**What this task involves:** Output the complete listing exactly, please, and keep the pictures out of it.

**Provided material:**
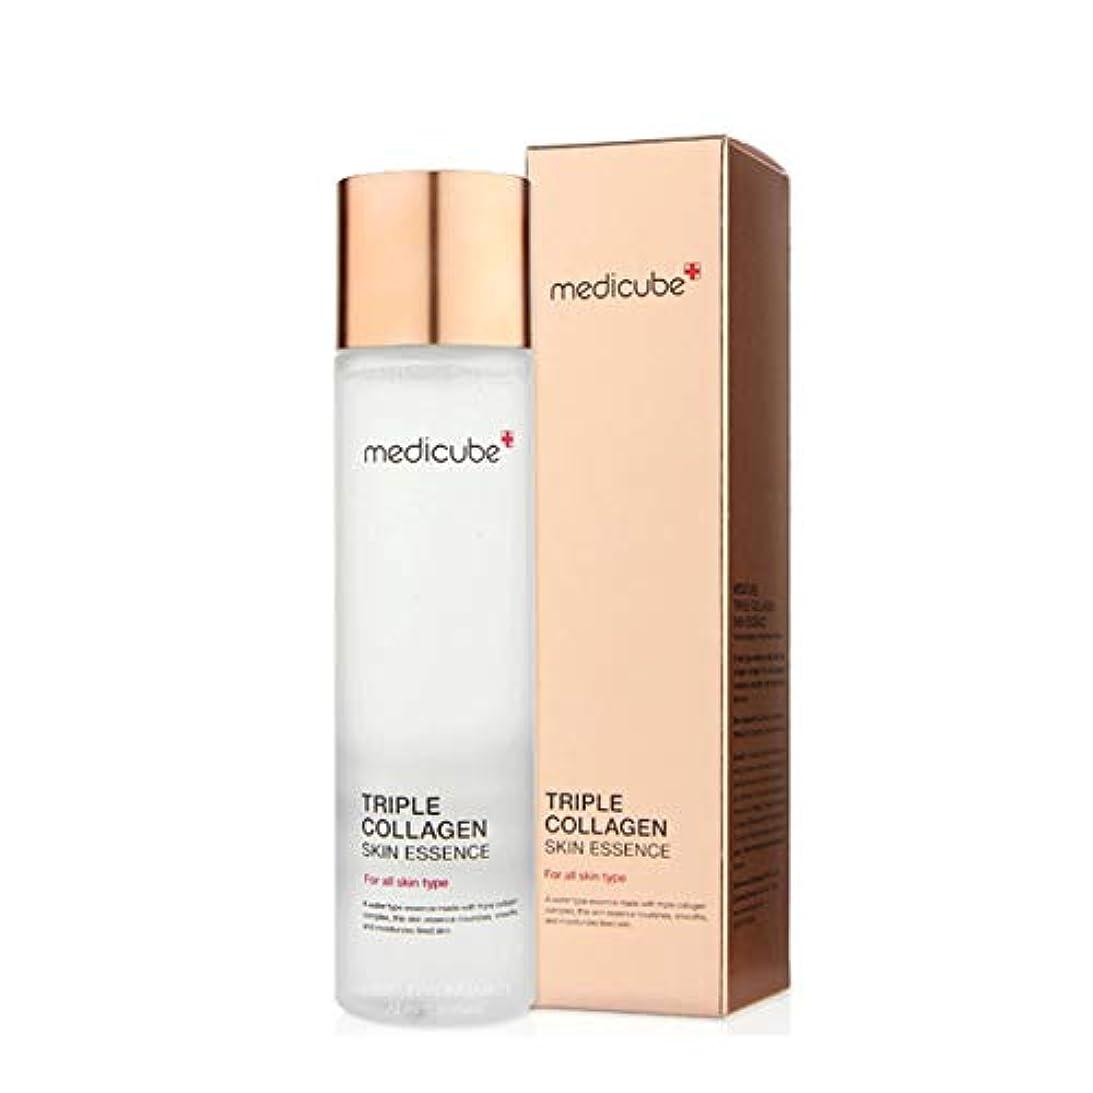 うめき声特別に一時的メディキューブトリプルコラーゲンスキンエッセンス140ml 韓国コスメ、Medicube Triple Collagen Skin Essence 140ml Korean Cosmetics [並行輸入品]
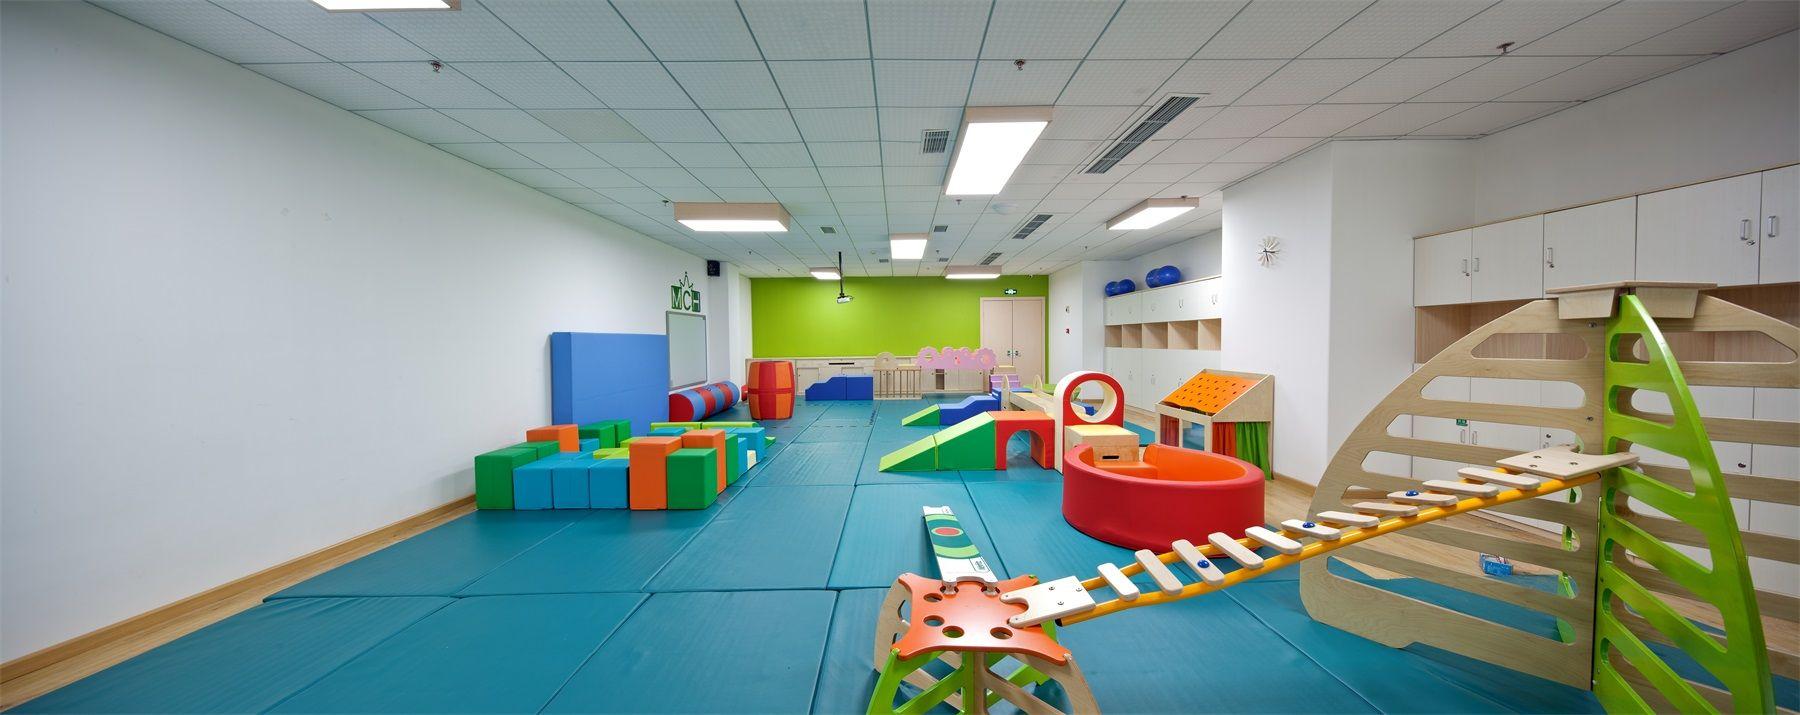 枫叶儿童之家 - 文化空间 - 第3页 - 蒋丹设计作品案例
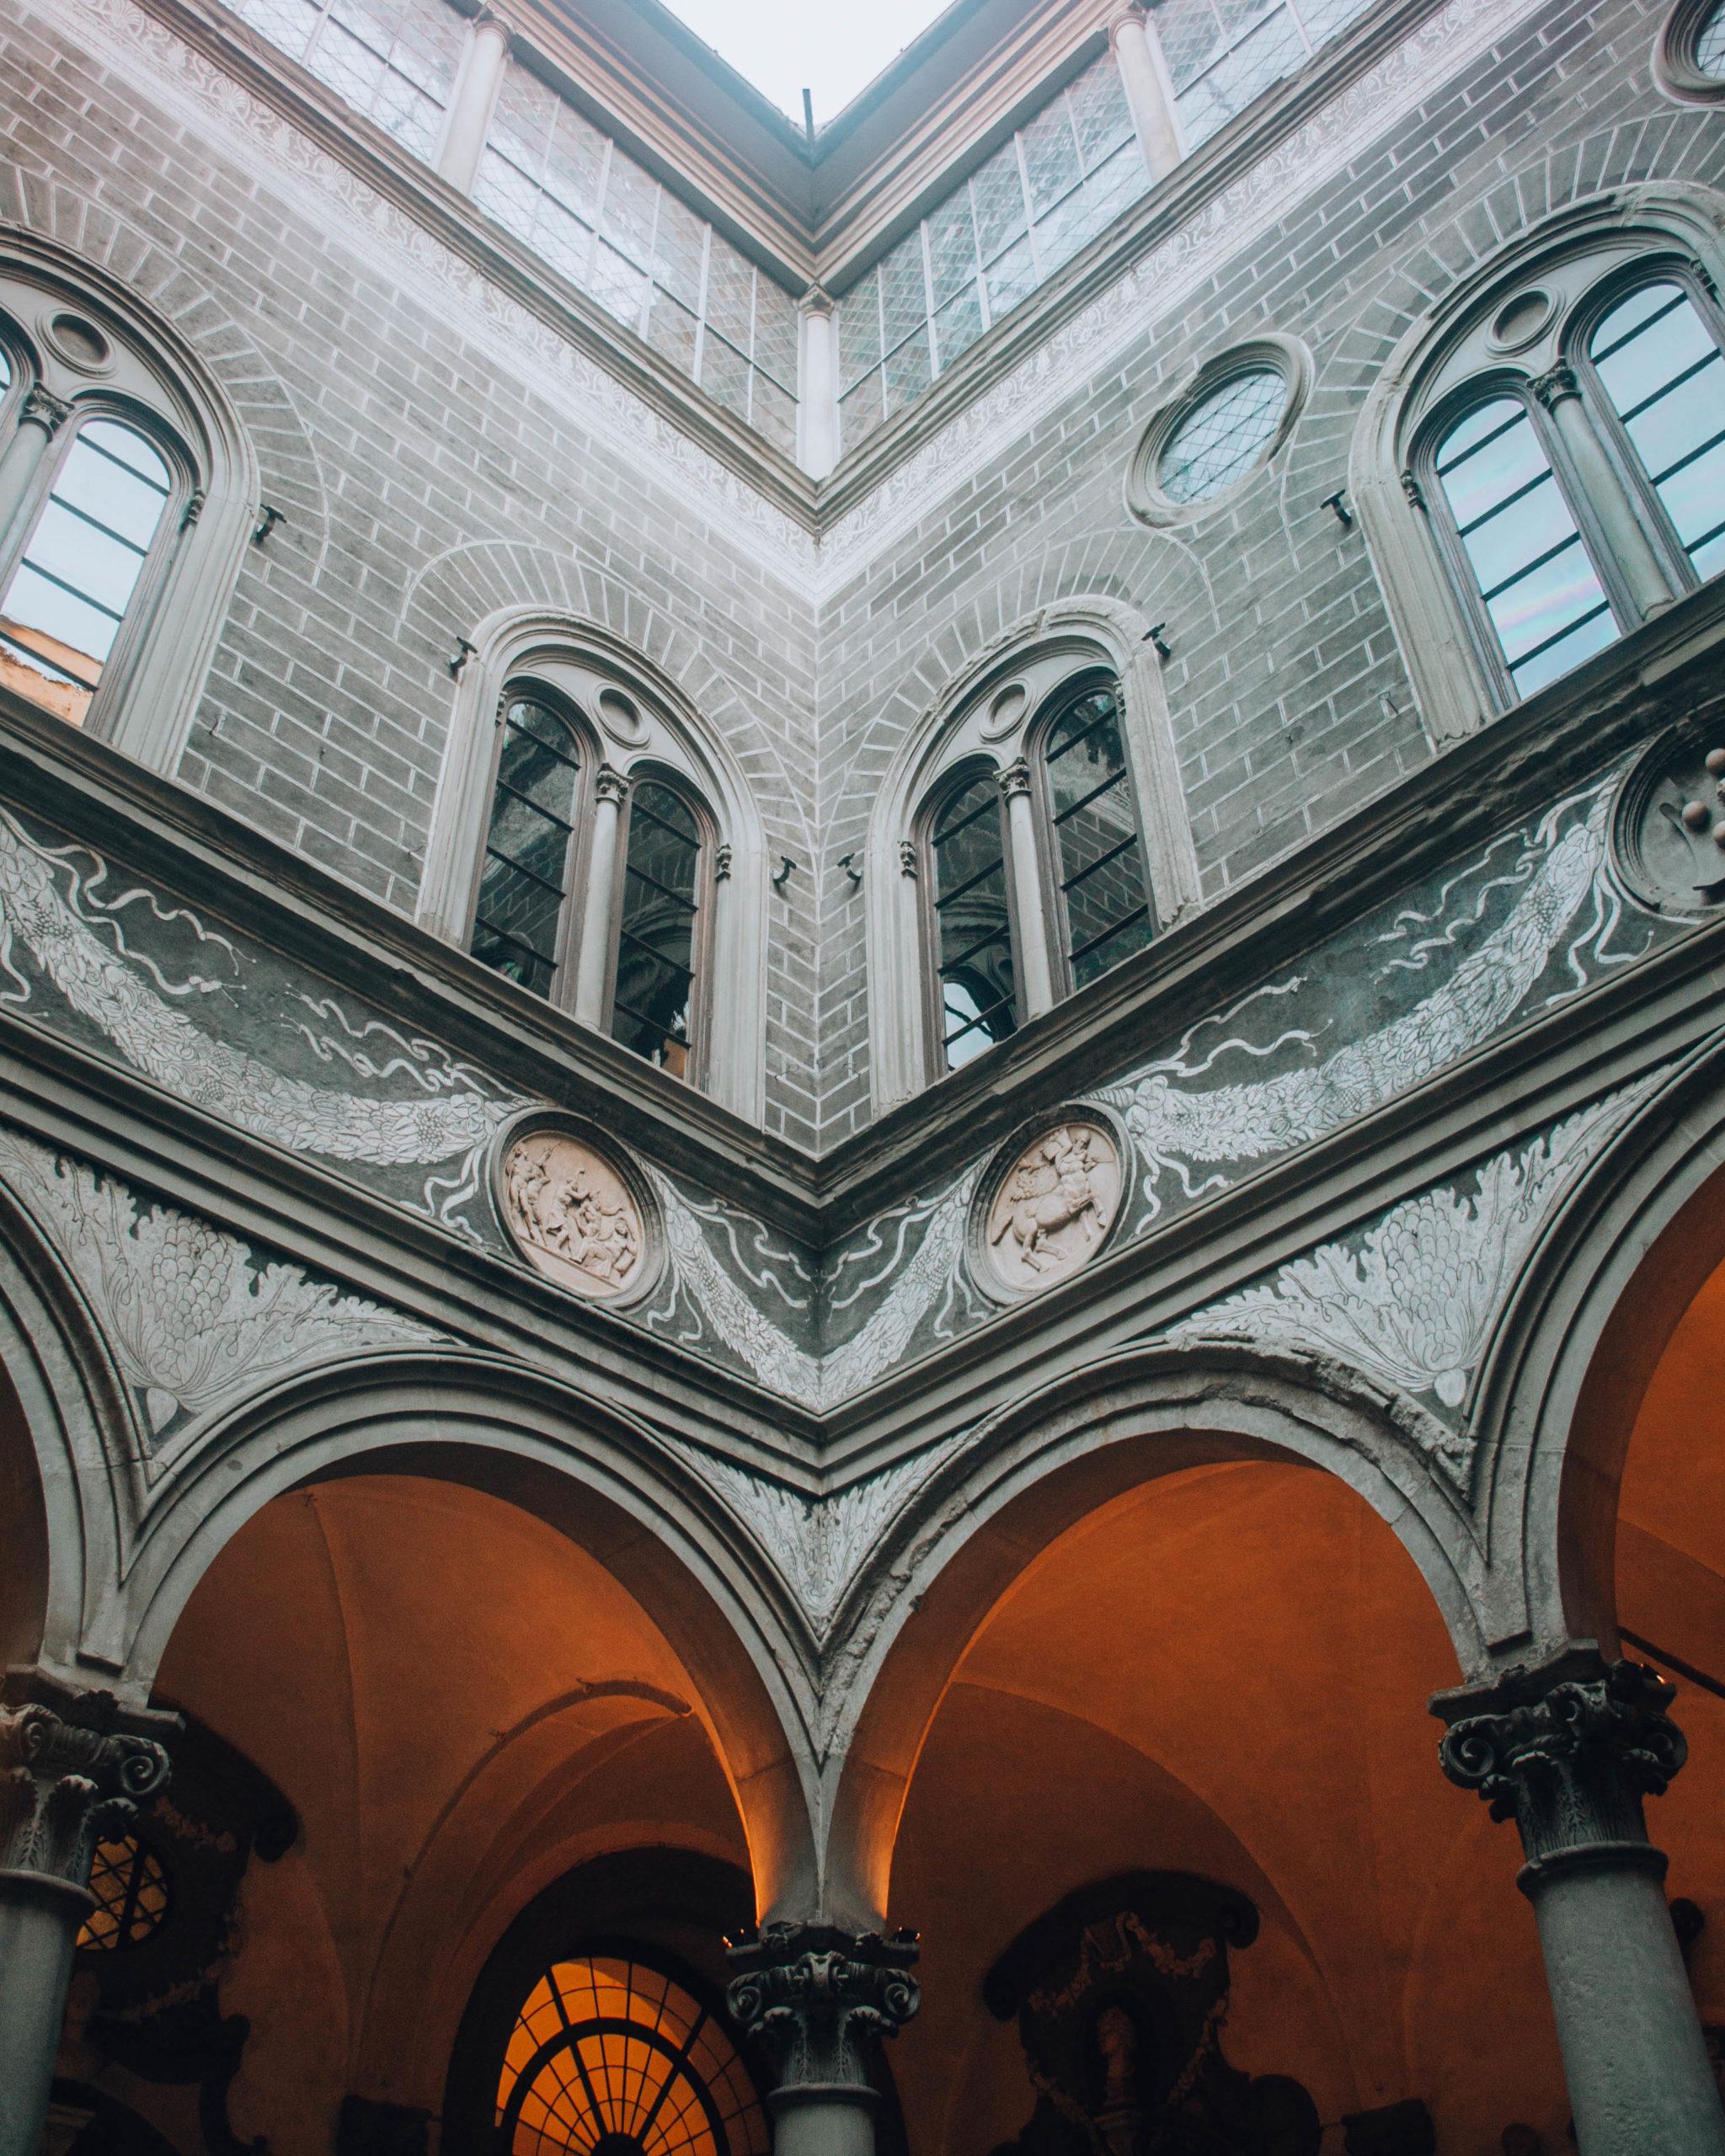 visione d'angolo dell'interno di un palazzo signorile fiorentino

**Solution:**
 うめき声特別に一時的メディキューブトリプルコラーゲンスキンエッセンス140ml 韓国コスメ、Medicube Triple Collagen Skin Essence 140ml Korean Cosmetics [並行輸入品]
 枫叶儿童之家 - 文化空间 - 第3页 - 蒋丹设计作品案例
 visione d'angolo dell'interno di un palazzo signorile fiorentino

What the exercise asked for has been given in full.